Why public IaaS cloud providers should outsource their data centers

While there are some advantages for cloud providers operating data centers in-house, including greater control, capacity, power and security, the challenges, such as geographic expansion, connectivity, location, cost and lower-tier facilities can often outweigh the benefits. In response to many of these challenges, an increasing number of cloud providers are realizing the benefits of working with a third-party data center provider.

It’s  a very interesting blog, sprinkled throughout with pros and cons of rolling your own versus outsourcing but it falls down in being able to carry the burden in logic of some the assertions.

Perhaps I misunderstood, but the article seemed to focus on single DC availability as though (per my friend @CSOAndy’s excellent summarization) “…he missed the obvious reason: you can arbitrage across data centers” and “…was focused on single DC availability. Arbitrage means you just move your workloads automagically.”

I’ll let you read the setup in its entirety, but check out the conclusion:

In reality, taking a look at public cloud providers, those with legacy businesses in hosting, including Rackspace and GoGrid, tend to run their own facilities, whereas pure-play cloud providers, like my company CloudSigma, tend to let others run the data centers and host the infrastructure.

The business of operating a data center versus operating a cloud is very different, and it’s crucial for such providers to focus on their core competency. If a provider attempts to do both, there will be sacrifices and financial choices with regards to connectivity, capacity, supply, etc. By focusing on the cloud and not the data center, public cloud IaaS providers don’t need to make tradeoffs between investing in the data center over the cloud, thereby ensuring the cloud is continually operating at peak performance with the best resources available.
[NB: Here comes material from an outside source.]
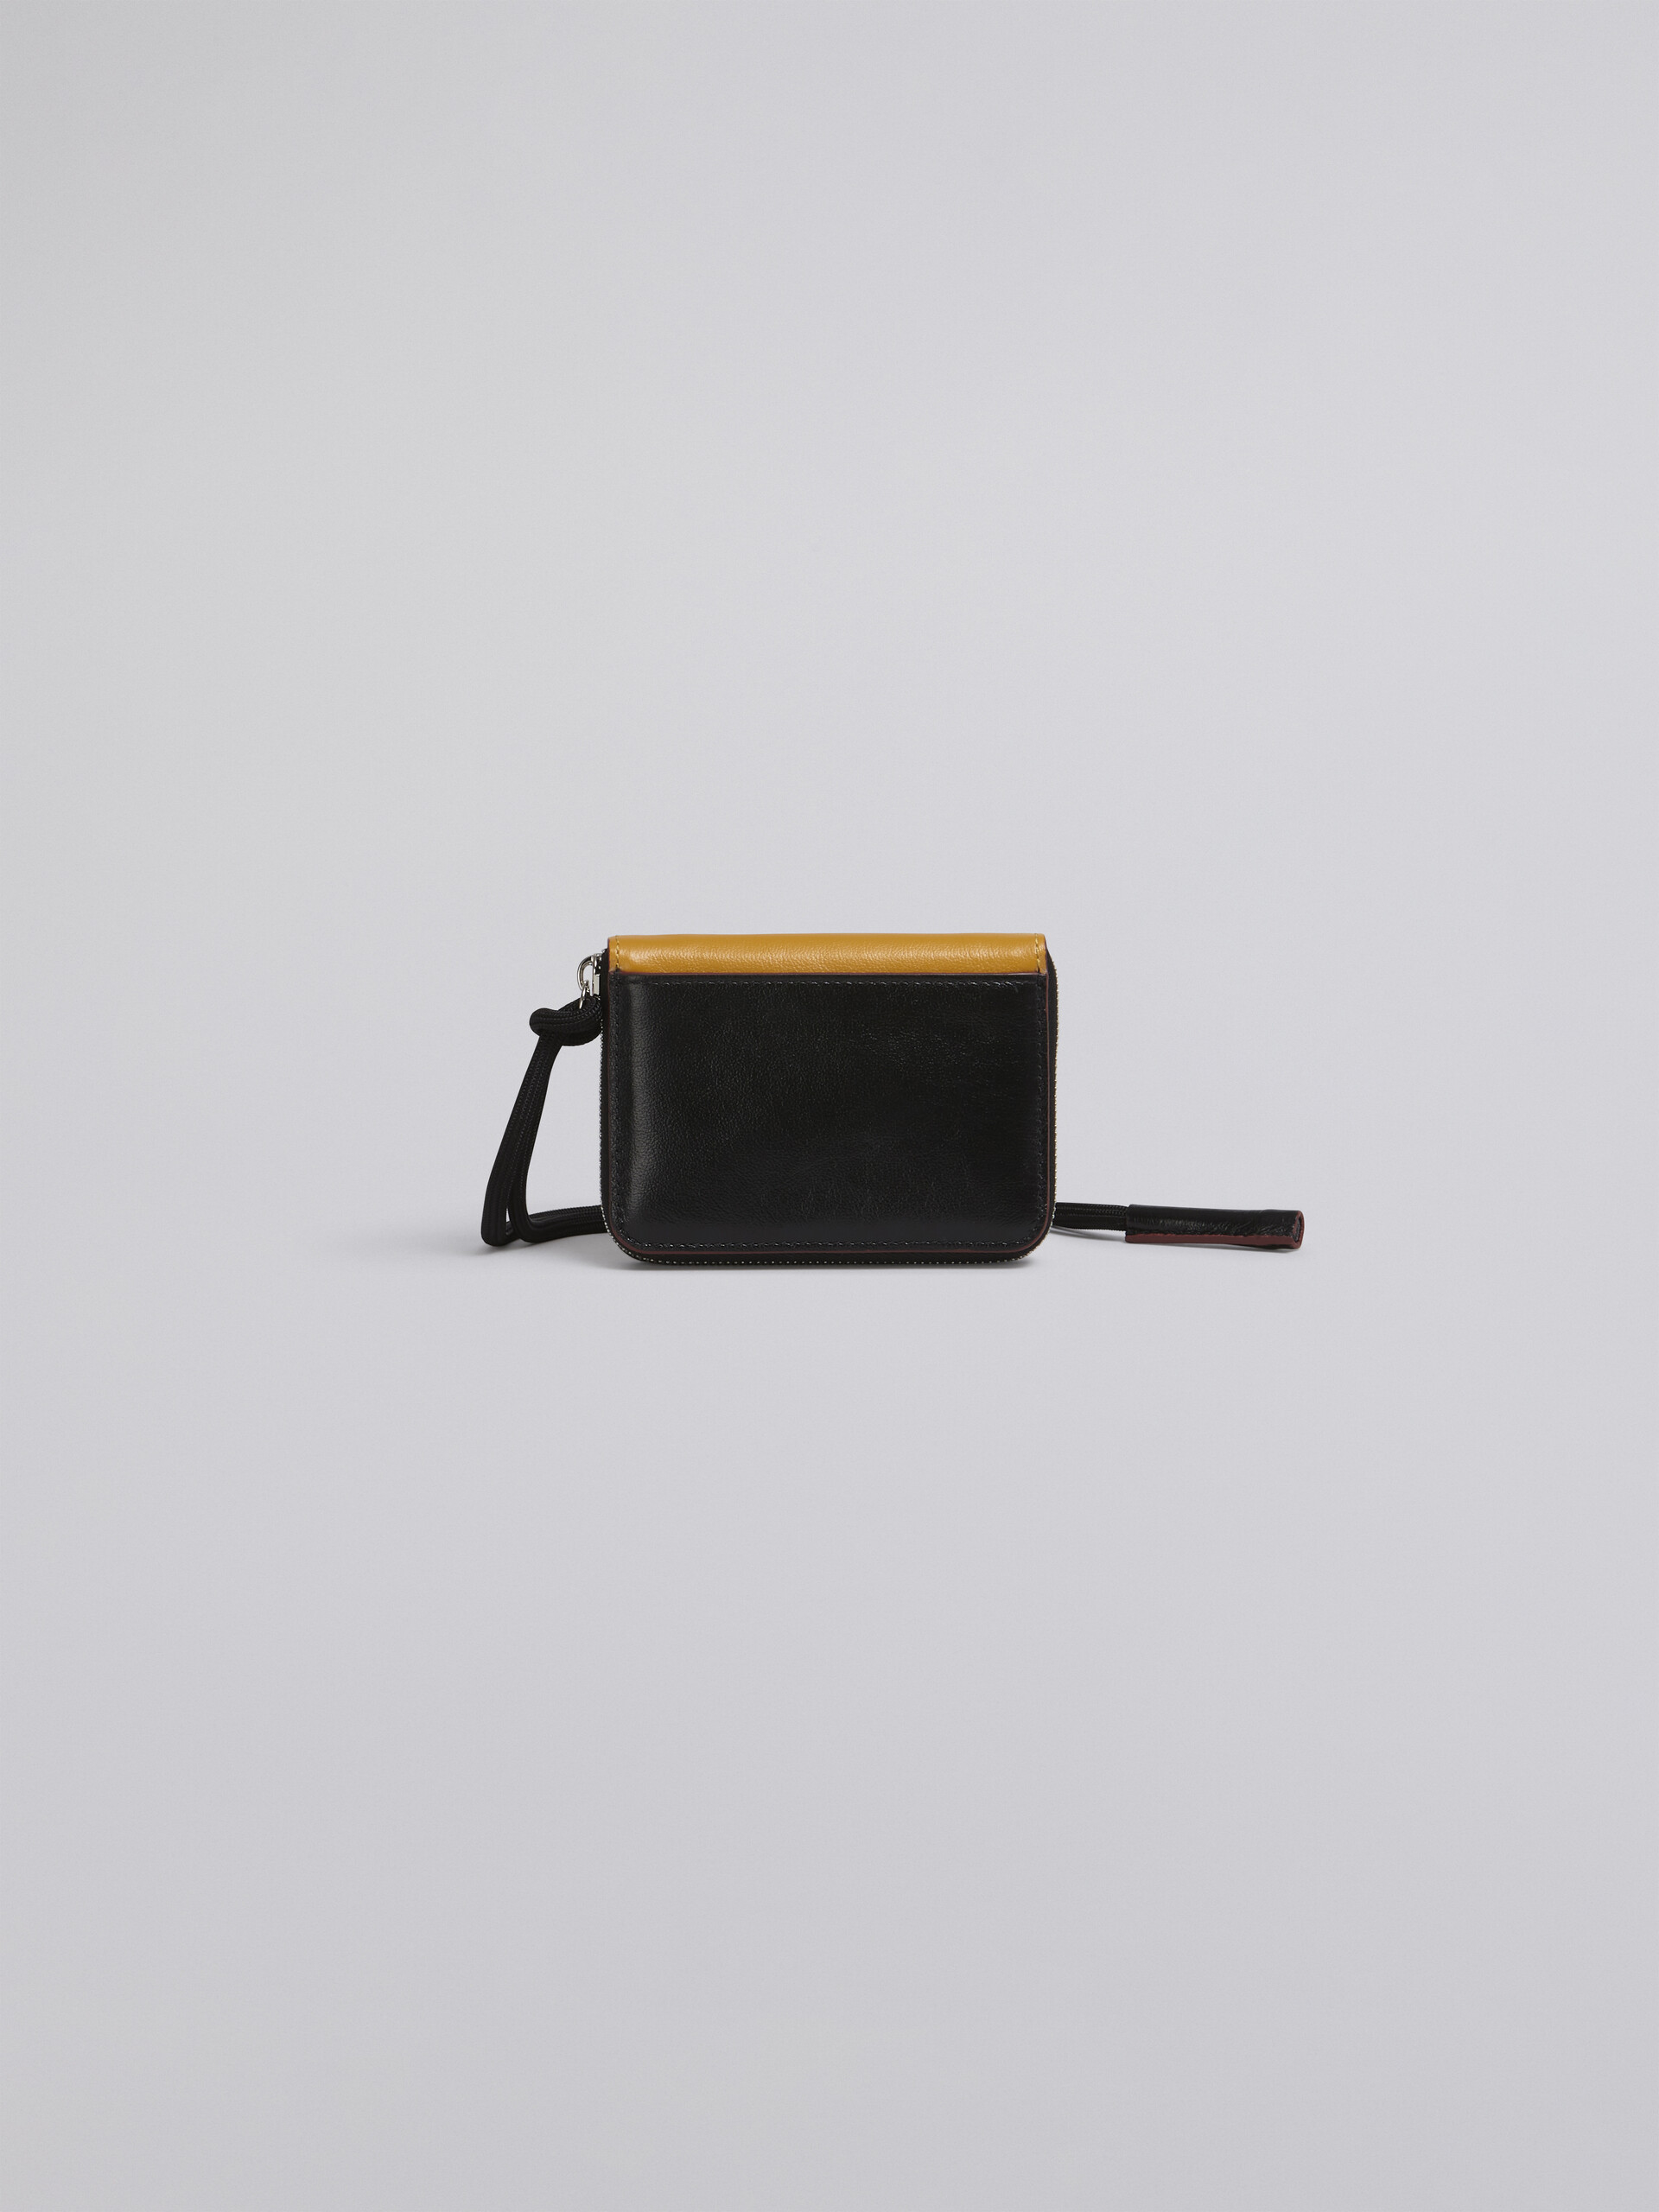 Bi-coloured yellow and black calfskin MUSEO wallet with shoulder strap - Wallets - Image 3

The points above were punctuated as part of a discussion on Twitter where @georgereese commented “IaaS is all about economies of scale. I don’t think you win at #cloud by borrowing someone else’s”

Fascinating.  It’s times like these that I invoke the widsom of the Intertubes and ask “WWWD” (or What Would Werner Do?)

If we weren’t artificially limited in this discussion to IaaS only, it would have been interesting to compare this to SaaS providers like Google or Salesforce or better yet folks like Zynga…or even add supporting examples like Heroku (who run atop AWS but are now a part of SalesForce o_O)

I found many of the points raised in the discussion intriguing and good food for thought but I think that if we’re talking about IaaS — and we leave out AWS which directly contradicts the model proposed — the logic breaks almost instantly…unless we change the title to “Don’t run your own data center if you’re a [small] public IaaS and need to compete with AWS.”